Some of the highest salaries in IT right now are in data science. Data scientists are also at the top of the demand list. And one of the highest earnings increases in the last six months — surprise-surprise — is also there.
So if you’re not already interested in data science, maybe it’s time to start? And if you’re already familiar with the topic, you can always go deeper. This selection includes the best books on Data Science for professionals of all levels. If you are a mature data scientist, come to one of our FP or AI projects, or keep reading.
One of them might be precisely what you are looking for. Nee
Head First Statistics: A Brain-Friendly Guide
As with other Head First books, the tone of this book is friendly and conversational, and it’s the best book to get started on data science. The book covers a lot of statistical data, starting with descriptive statistics – mean, median, modus, standard deviation – and then moves on to probabilistic and logical statistics such as correlation, regression, etc. If you studied natural sciences or commerce in school, you might have studied all this, and this book is a great start for a detailed update of everything you’ve already learned.
Practical Statistics for Data Scientists
The book is intended for Data Science professionals who have experience with the R programming language and have a preliminary understanding of mathematical statistics. It presents key concepts from statistics that relate to data science in a convenient and easily accessible form. It also explains which concepts are important and valuable in terms of data science, which are less critical, and why. Topics covered in detail include exploratory data analysis, data and sample distributions, statistical experiments and significance testing, regression and prediction, classification, statistical machine learning, and teacherless learning.
Introduction to Probability
This book by William Feller introduces probability theory with the right balance between mathematical precision, probabilistic intuition, and specific applications. An Introduction to Probability describes the material accurately while avoiding unnecessary technical details. After introducing the basic vocabulary of randomness, including events, probabilities, and random variables, the text invites the reader to familiarize themselves with the main theorems of the subject: the law of large numbers and the central limit theorem.
Introduction to Machine Learning with Python
This book by Sarah Guido and Andreas K. Mueller is perfect for people who want to learn more about building machine learning models with Python. Everything is explained in an accessible way for beginners, and there are lots of examples, so you won’t get lost while reading. After finishing the book, you’ll be able to create your own models quickly. What’s more, you don’t need any prior knowledge of math or programming languages to read this book.
Python Machine Learning By Example
As the name suggests, this book is the easiest way to get acquainted with machine learning. The book will introduce you in detail and interestingly to Python and machine learning with the help of some examples, such as spam detection using Bayes and predictions using regression and tree algorithms.
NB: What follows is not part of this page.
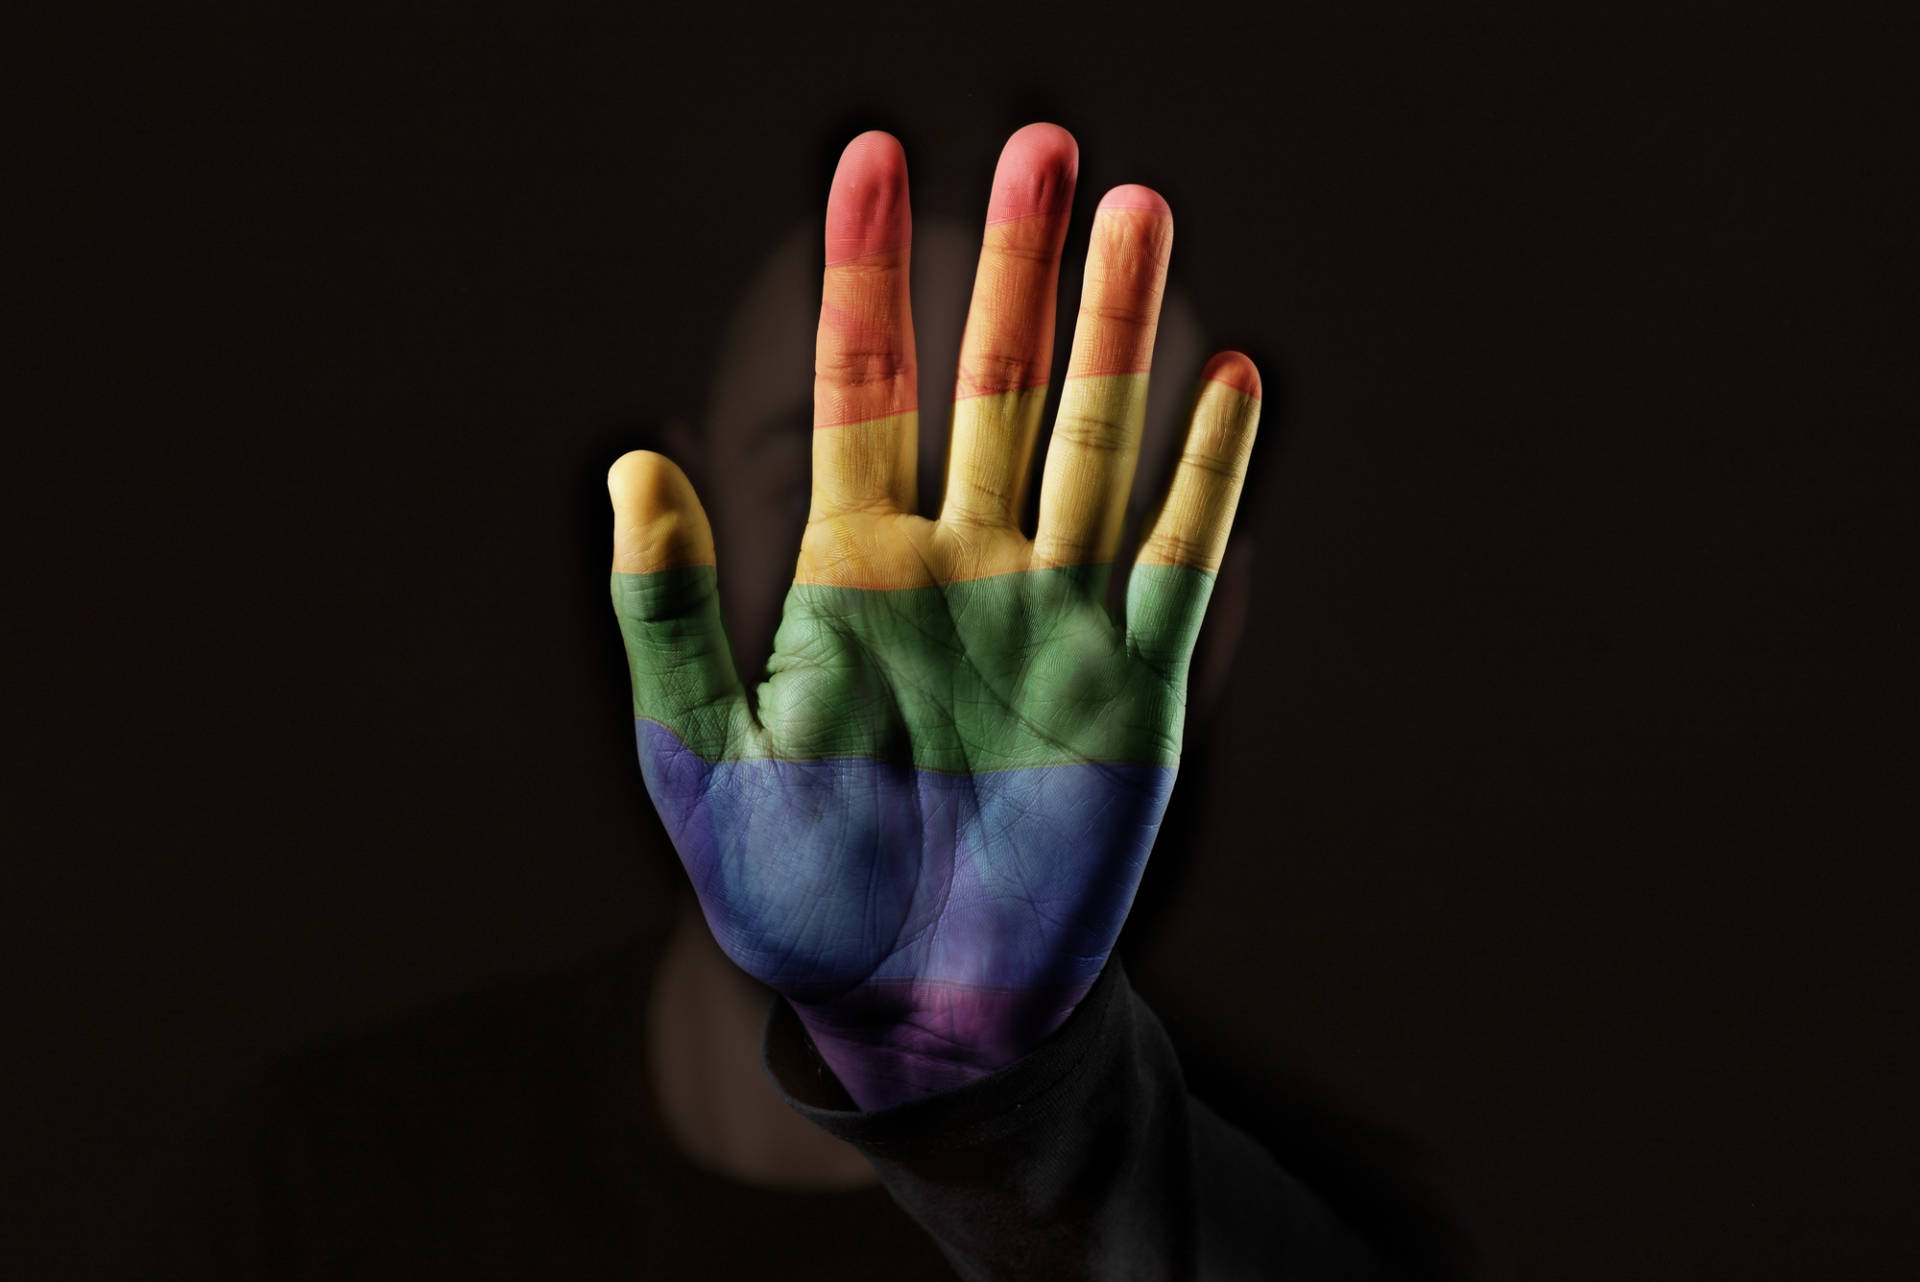 Indice di uguaglianza aziendale: la classifica delle aziende più attente all'inclusione LGBTQ

The author shares his experience in different areas of machine learning, such as advertising optimization, conversion rate prediction, click fraud detection, etc., which perfectly complements the reading experience.
Pattern recognition and machine learning
This textbook from Christopher M. Bishop covers the latest developments, providing a thorough introduction to the field of machine learning and pattern recognition. It is intended for students as well as researchers and practitioners. No prior knowledge of the concepts described is assumed. However, knowledge of multivariate calculus and linear algebra is required, and some experience in the probabilistic theory implementation. The latter may not be necessary since the book includes a separate introduction to basic principles.
Python for data analysis
Get complete instructions on manipulating, processing, cleaning, and analyzing datasets in Python. Updated for Python 3.6, this practical guide is filled with practical examples that will show you how to solve a range of data analysis problems. While reading, you will learn the latest versions of pandas, NumPy, Python, and Jupyter. Wes McKinney writes this book, creator of the Python pandas project, this book is a practical, modern introduction to Python data science tools.
This book reveals the beauty of statistics and enlivens statistics. The tone is witty and conversational. You won’t be bored reading this book or feeling the weight of mathematics! The author explains all the concepts of statistics – basic and advanced – using real-life examples. The book starts with straightforward things, such as the normal distribution and the central theorem, and moves on to complex real-world problems, correlation data analysis, and machine learning.
Data Science and big data analytics
This book from EMC Education Services provides you with all the information: the process and how you can use Python to make it all work for you. Even if you have no idea how to code or know what to do with all the data you have collected, this book will give you all the tools you need. There are many different components in data science, and the ability to put them together can really help better understand customers, find new products, and more.
R for data science
Last but not least. R for data science explains the concepts of statistics and the type of data you will see in real life, how to transform it using concepts like median, mean, standard deviation, etc., AND how to create data, filter, and clean it up. The book will help you understand how confusing and raw data is and how it is processed. Converting data is one of the most time-consuming tasks. This book will help you learn about the different methods of converting data for processing to extract meaningful information from it.
If you are interested in data science, then these books are for you. Pick one that seems to be more on your level of knowledge and start learning! AI is among the most progressive and perspective areas, these blog collects more IT-related items about the most progressive topics. To gain knowledge of machine learning modeling, neural network principles, and artificial intelligence opportunities will be useful for both personal and business development.